▶ Dataset content:
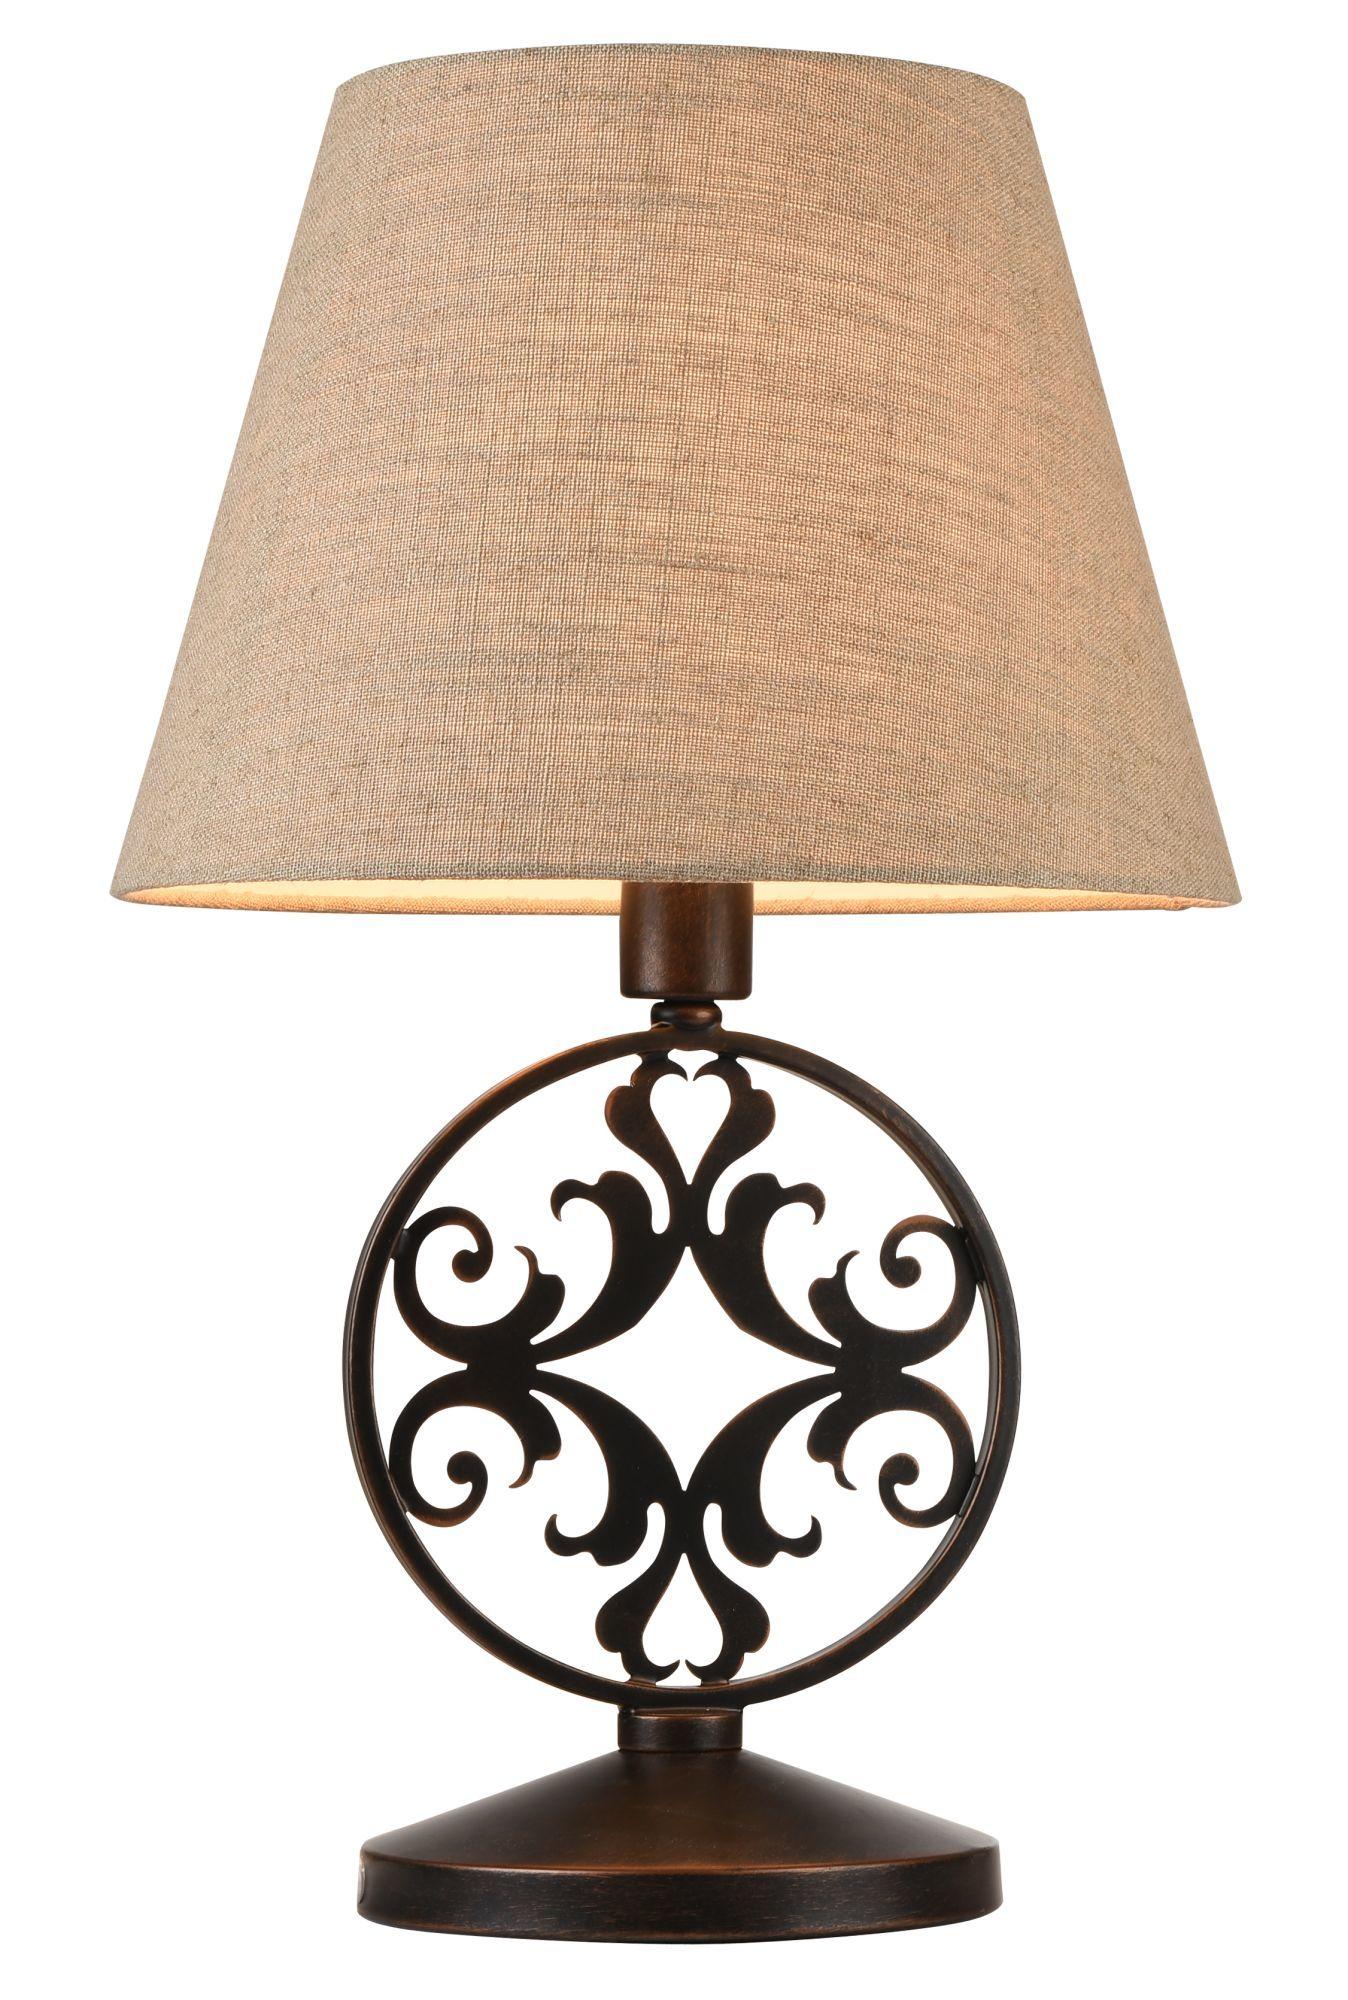 Настольная лампа Maytoni Rustika H899-22-R, 1xE27x40W, коричневый, бежевый, металл, ковка, текстиль - фото 1
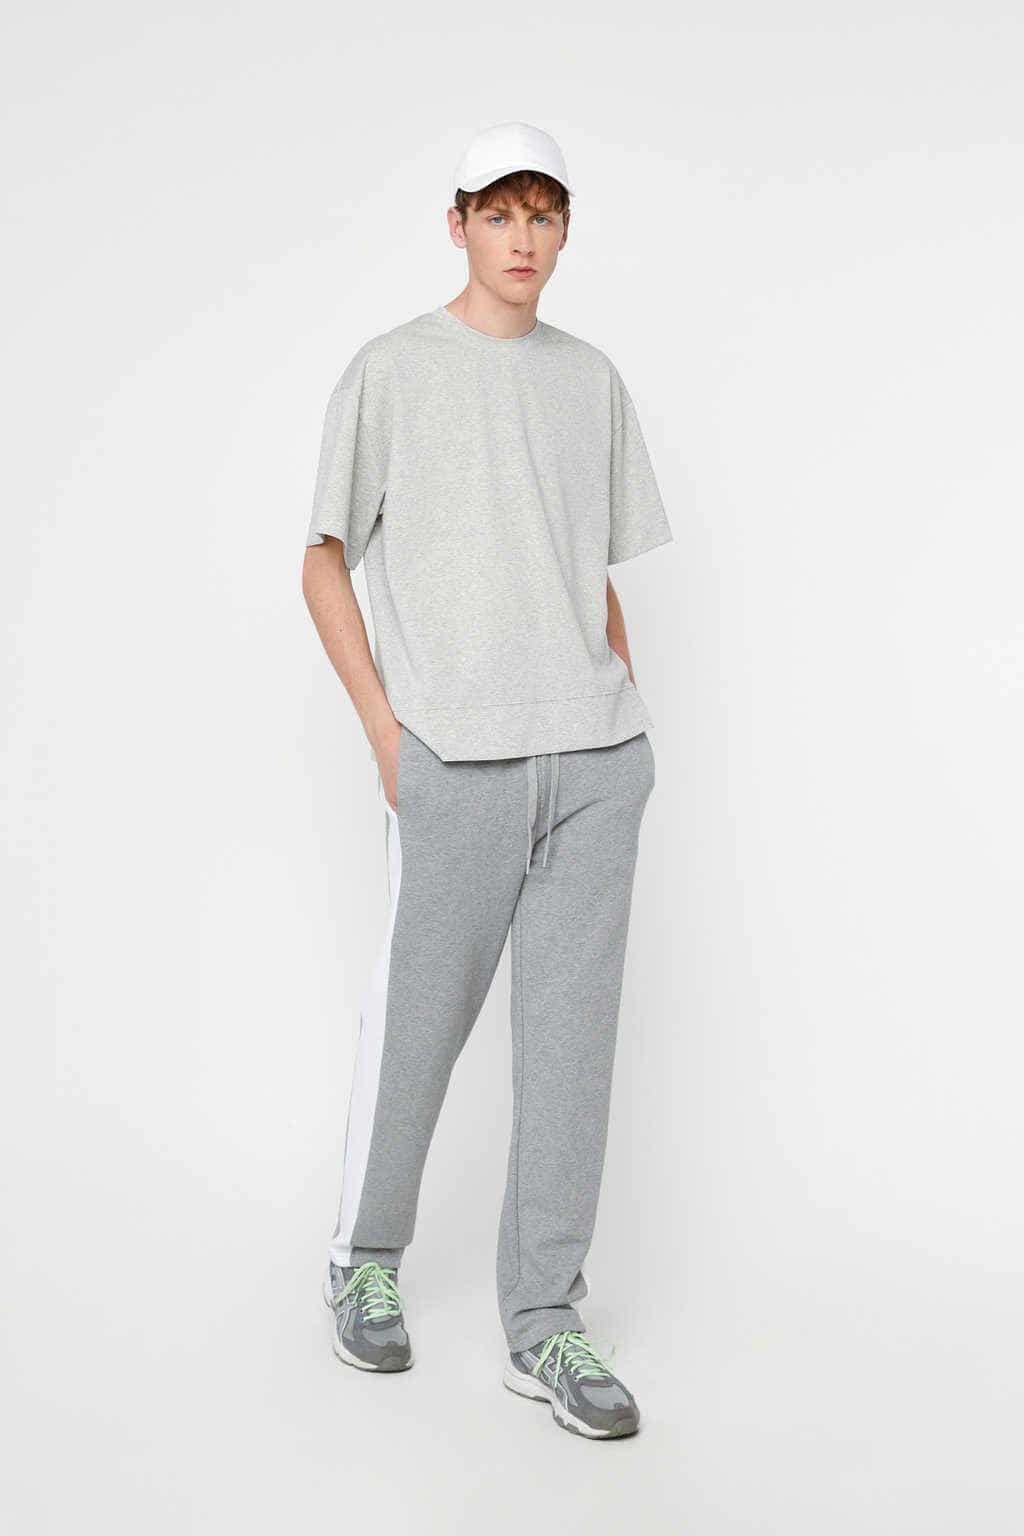 TShirt K007M Gray 3
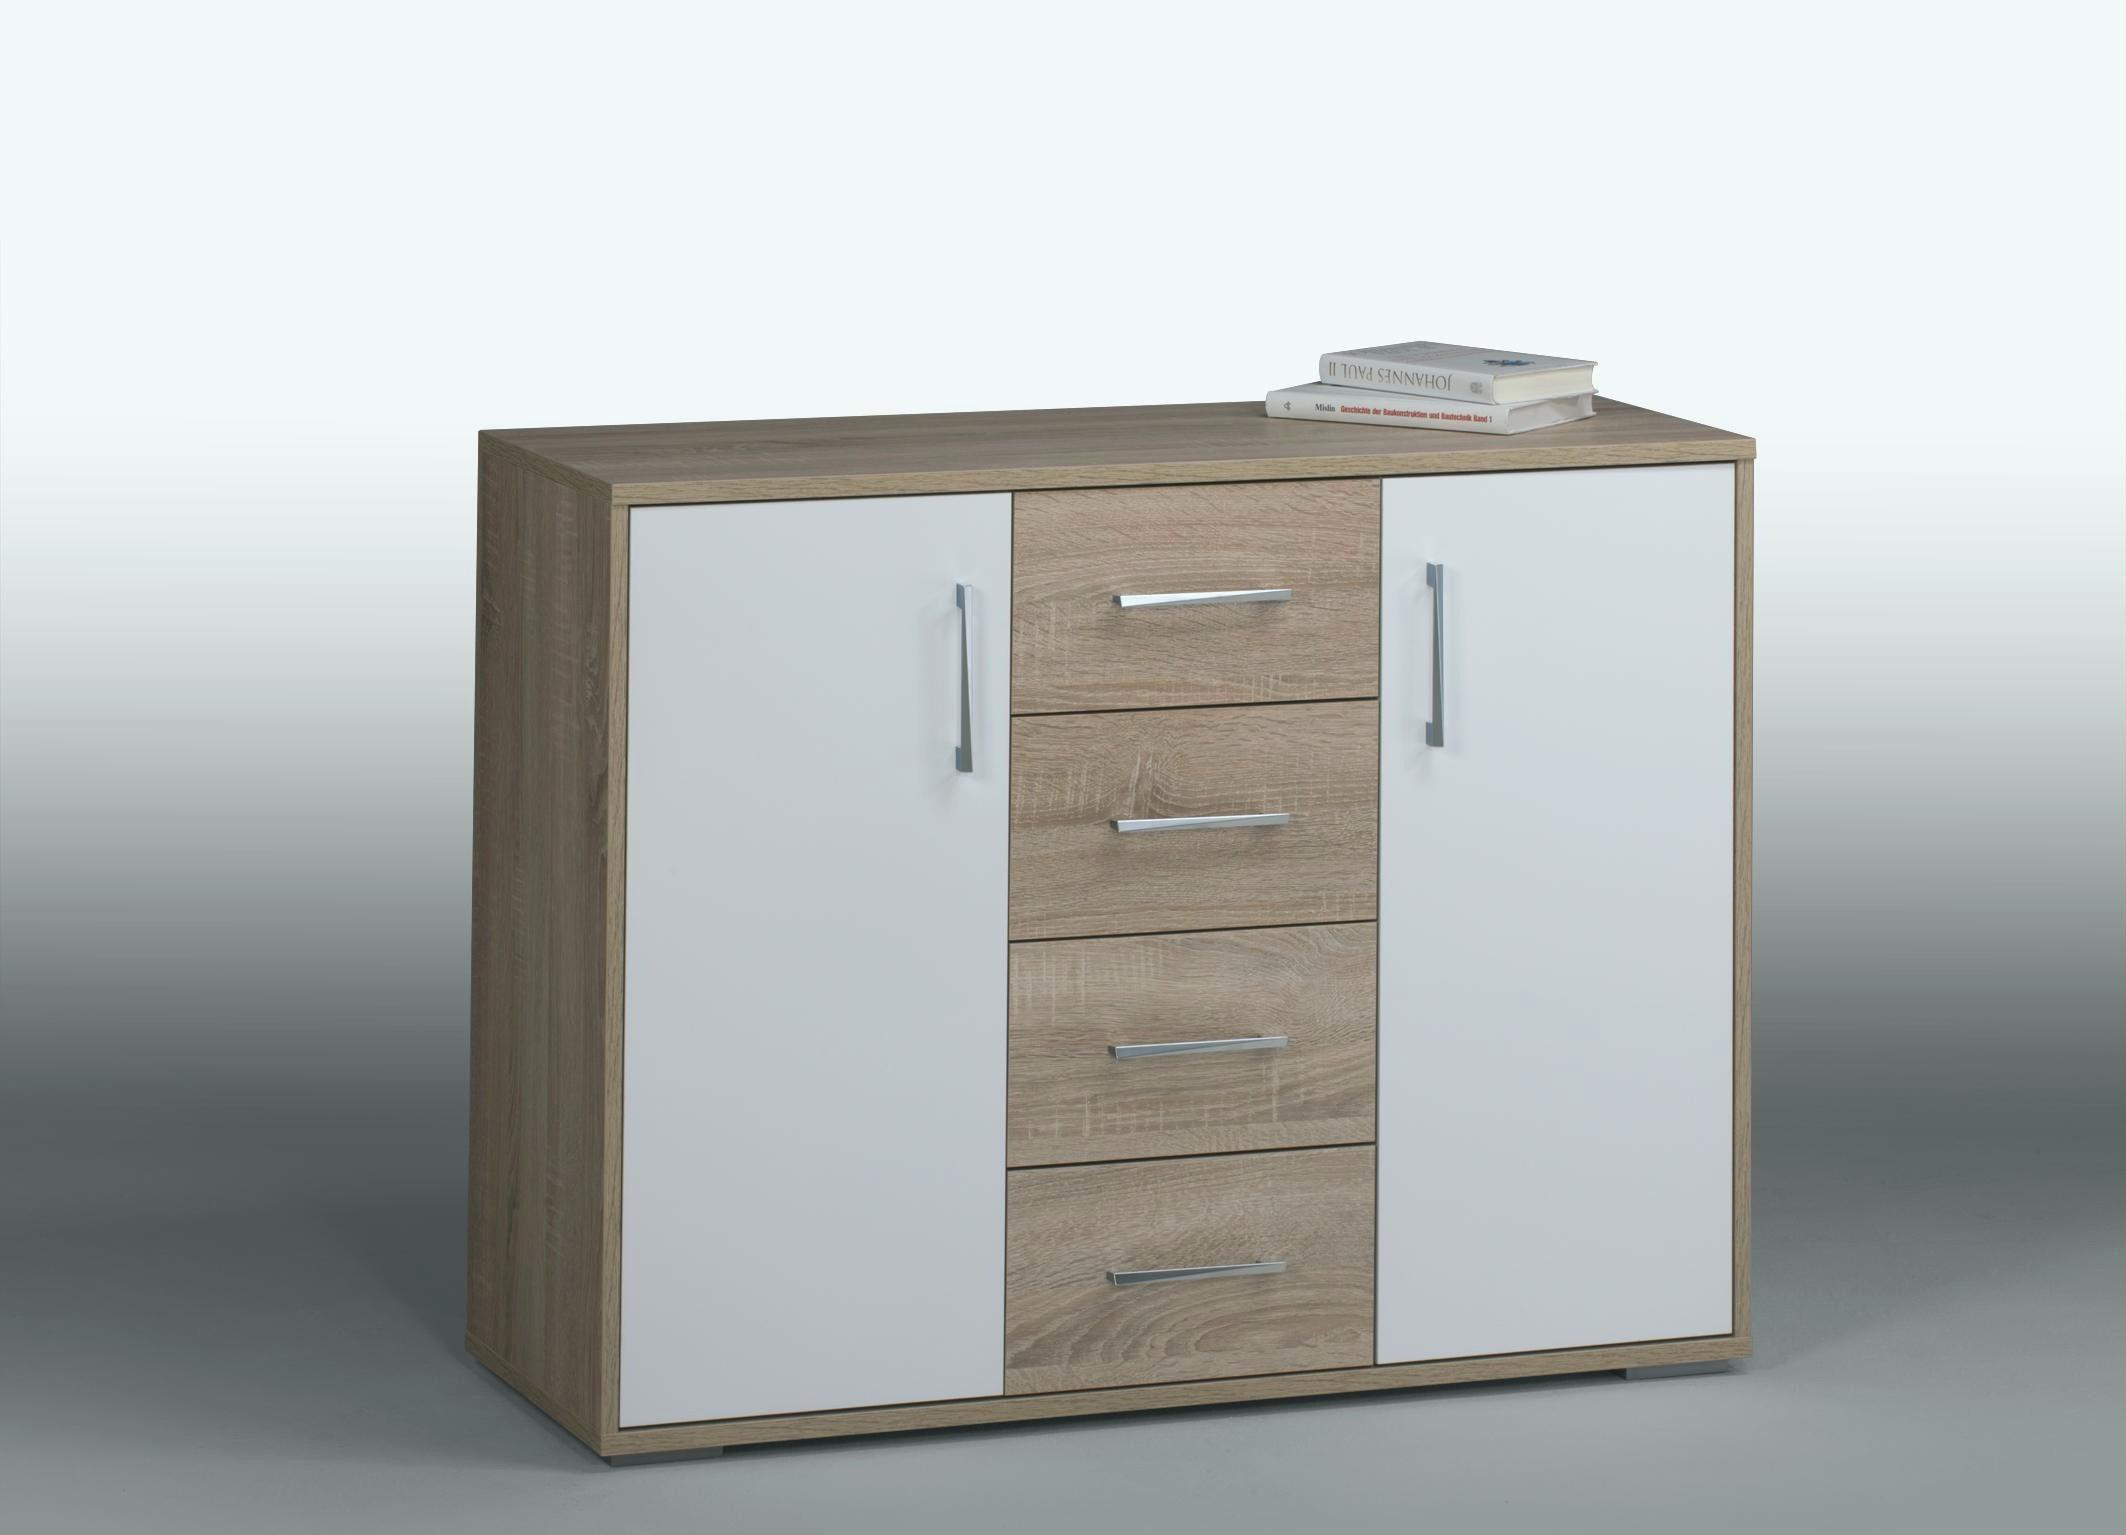 Armoire De Salle De Bain but Frais Photos Meuble Rangement but Beau Meuble De toilette Rangement élégant Ideas
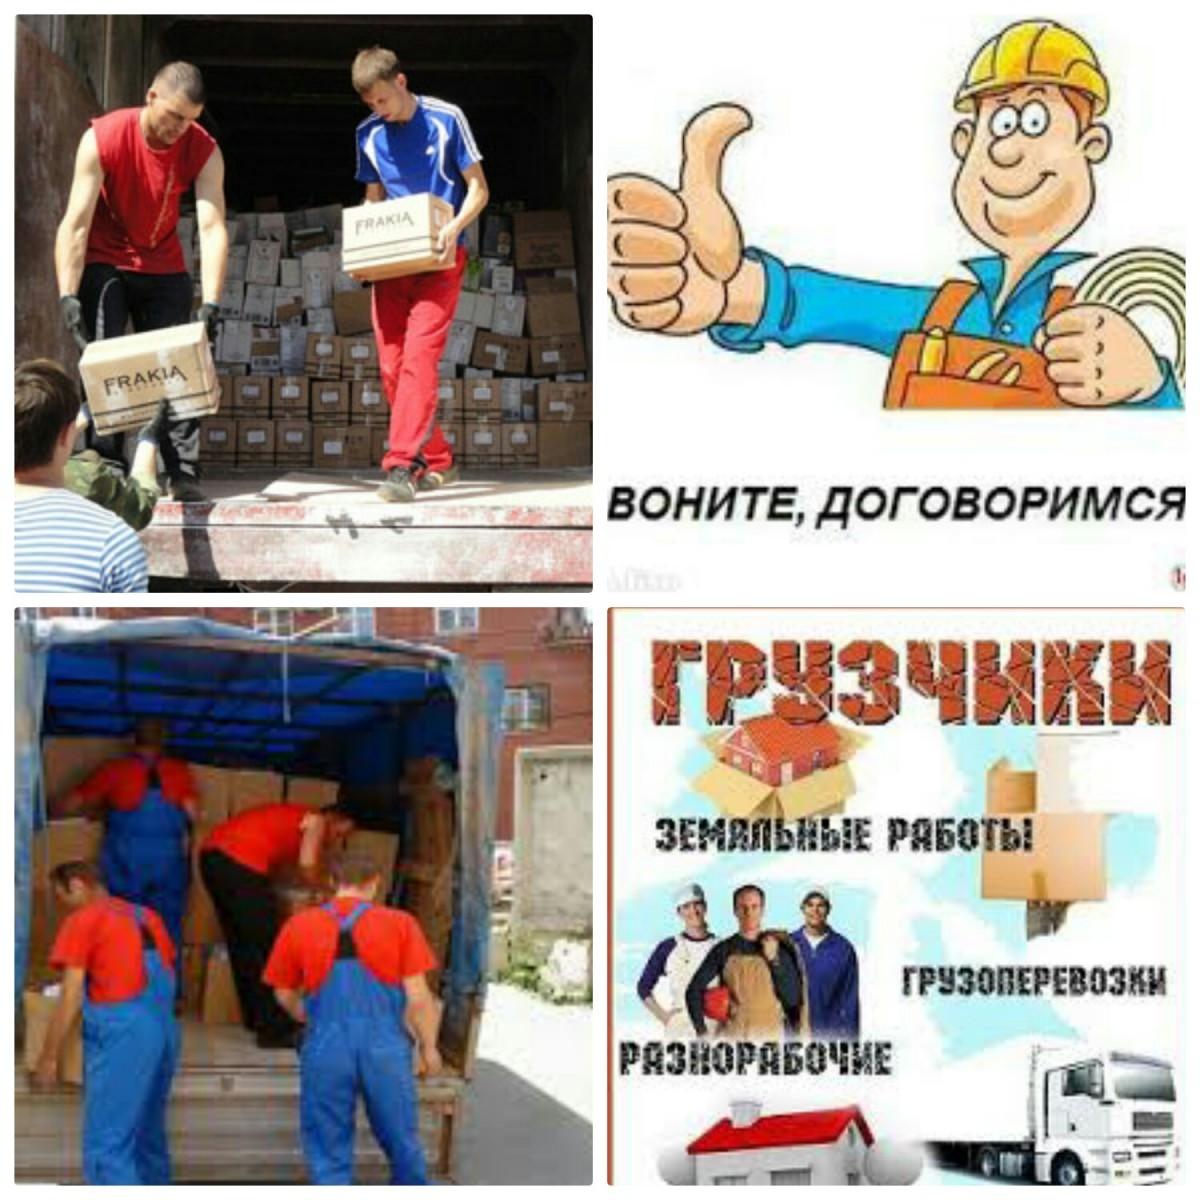 Услуги разнорабочих грузчиков для разгрузки Одесса

▶ Instructions for the task: Extract, word for word, each line from the top of the data down to and including the line with "Armoire De Salle"; skip the pictures.

▶ Task answer:
 Настольная лампа Maytoni Rustika H899-22-R, 1xE27x40W, коричневый, бежевый, металл, ковка, текстиль - фото 1
 TShirt K007M Gray 3
 Armoire De Salle De Bain but Frais Photos Meuble Rangement but Beau Meuble De toilette Rangement élégant Ideas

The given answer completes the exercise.